One solution to ensuring children's health insurance coverage would be to raise the income eligibility ceiling for these programs, suggest the study authors. Since their survey was conducted, Oregon has implemented a modest increase in the income limit for both programs, from 170 to 185 percent of the Federal poverty level. In this study, half of children disenrolled from Oregon's SCHIP failed to requalify, because their families made too much money to meet the income eligibility requirements. Many of the remaining children did not reapply, because their parents thought they were no longer eligible. The reasons were similar for children leaving FHIAP.

These programs did not provide a bridge to nonsubsidized private health insurance for these children.
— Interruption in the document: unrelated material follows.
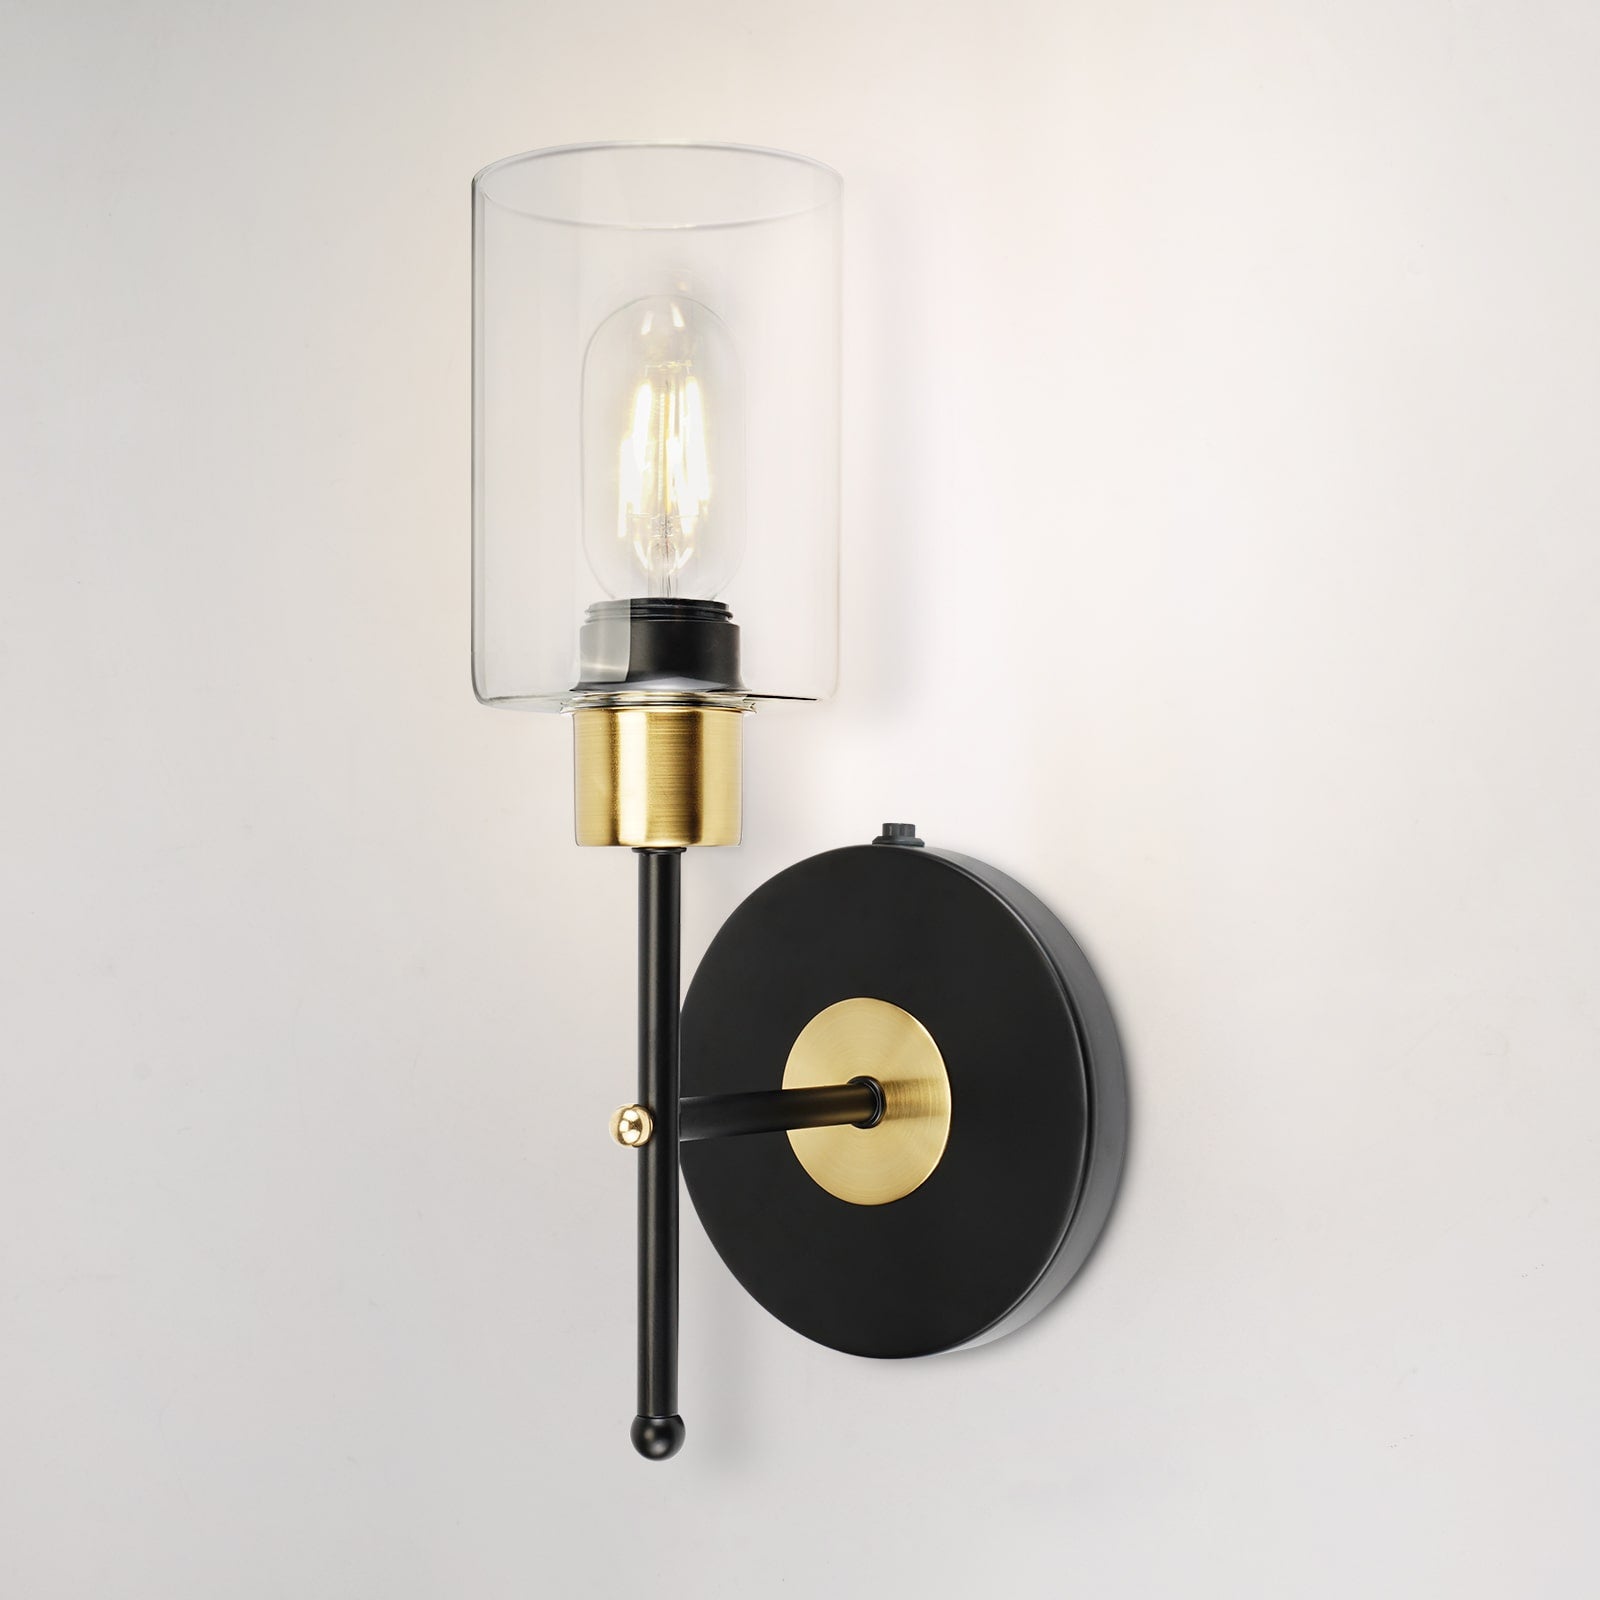 C01 Glass Shade Wall Lamp Battery Powered for Bedroom

Only one-third of OHP children and one-half of FHIAP children (whose parents were better educated and possibly had more access to job-related insurance) had insurance coverage after leaving these programs. Care access for these children was driven largely by health insurance coverage. Insured children were more likely to have a usual source of care and to have seen a physician when they needed one. The study was supported by the Agency for Healthcare Research and Quality (HS10463).

See "What happens to children who lose public health insurance coverage?" by Janet B. Mitchell, Susan G. Haber, and Sonja Hoover, in the October 2006 Medical Care Research and Review 63(5), pp. 623-635.